Le Firme

Mattarella parla di tutto ma non della realtà
Sergio Mattarella (Ansa)
Al posto di pensare al futuro, il capo dello Stato ha fatto un’inutile predica sul passato. Tornando addirittura alla fondazione della Repubblica. E per strizzare l’occhio ai ragazzi, ha trascurato l’allarme delle forze dell’ordine sulla violenza giovanile.

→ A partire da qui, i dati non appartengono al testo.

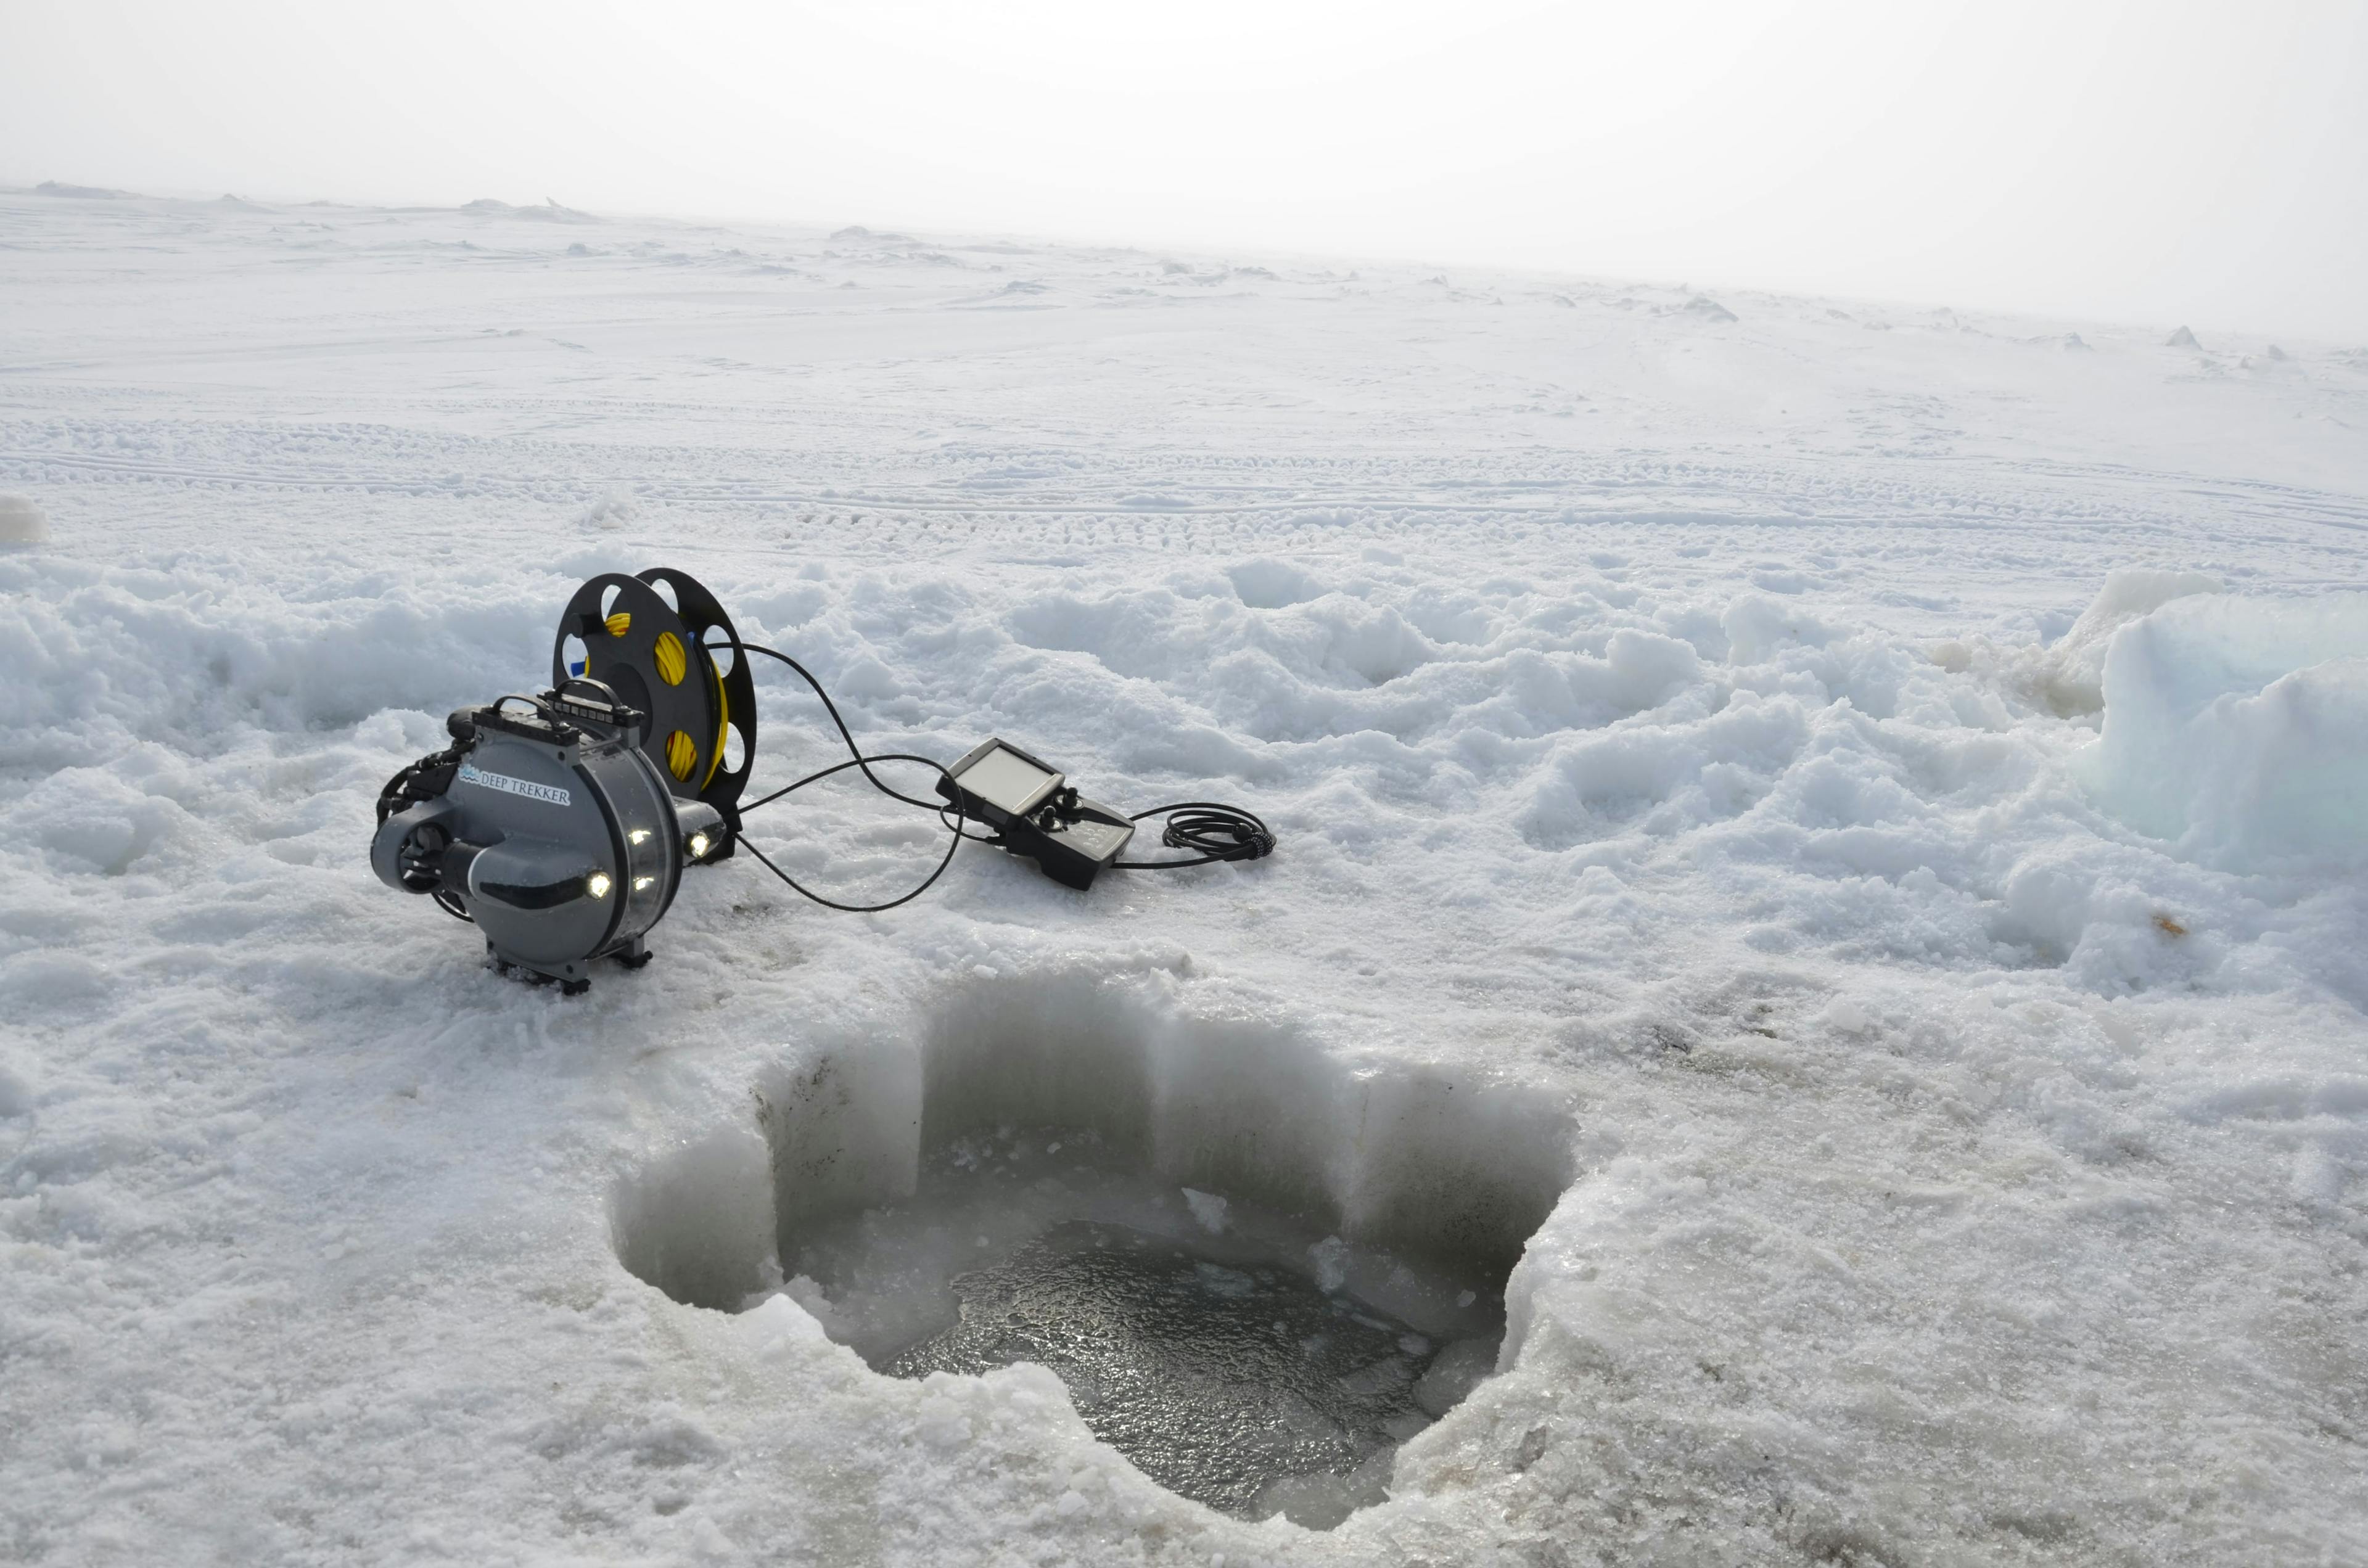 Lagoon covered in ice and snow with a large square drilled into the ice. Next to the hole is a Deep Trekker DTG3 remotely operated vehicle.

Marcello Veneziani su questo giornale aveva suggerito un argomento per il discorso di fine anno del presidente della Repubblica. Ovviamente, invece di mettere al centro del suo intervento il futuro che ci attende, il capo dello Stato ha preferito parlare del passato. Così, se c’era un modo per evidenziare la distanza che regna fra la più alta carica del Paese e le sfide che attendono gli italiani nel 2026, diciamo che Sergio Mattarella lo ha trovato. Il suo messaggio, interamente improntato sulla nascita della Repubblica, sarebbe andato bene in un libro di storia, non certo in un discorso al Paese in vista dei problemi con cui ci dovremo confrontare. Purtroppo la predica inutile del Colle è un format (che riconosco non essere stato inaugurato dall’attuale inquilino del Quirinale) a cui siamo abituati da anni, e dunque quella del 31 dicembre, come il panettone e lo spumante, fa ormai parte delle tradizioni, anche se meno gradevole delle altre due.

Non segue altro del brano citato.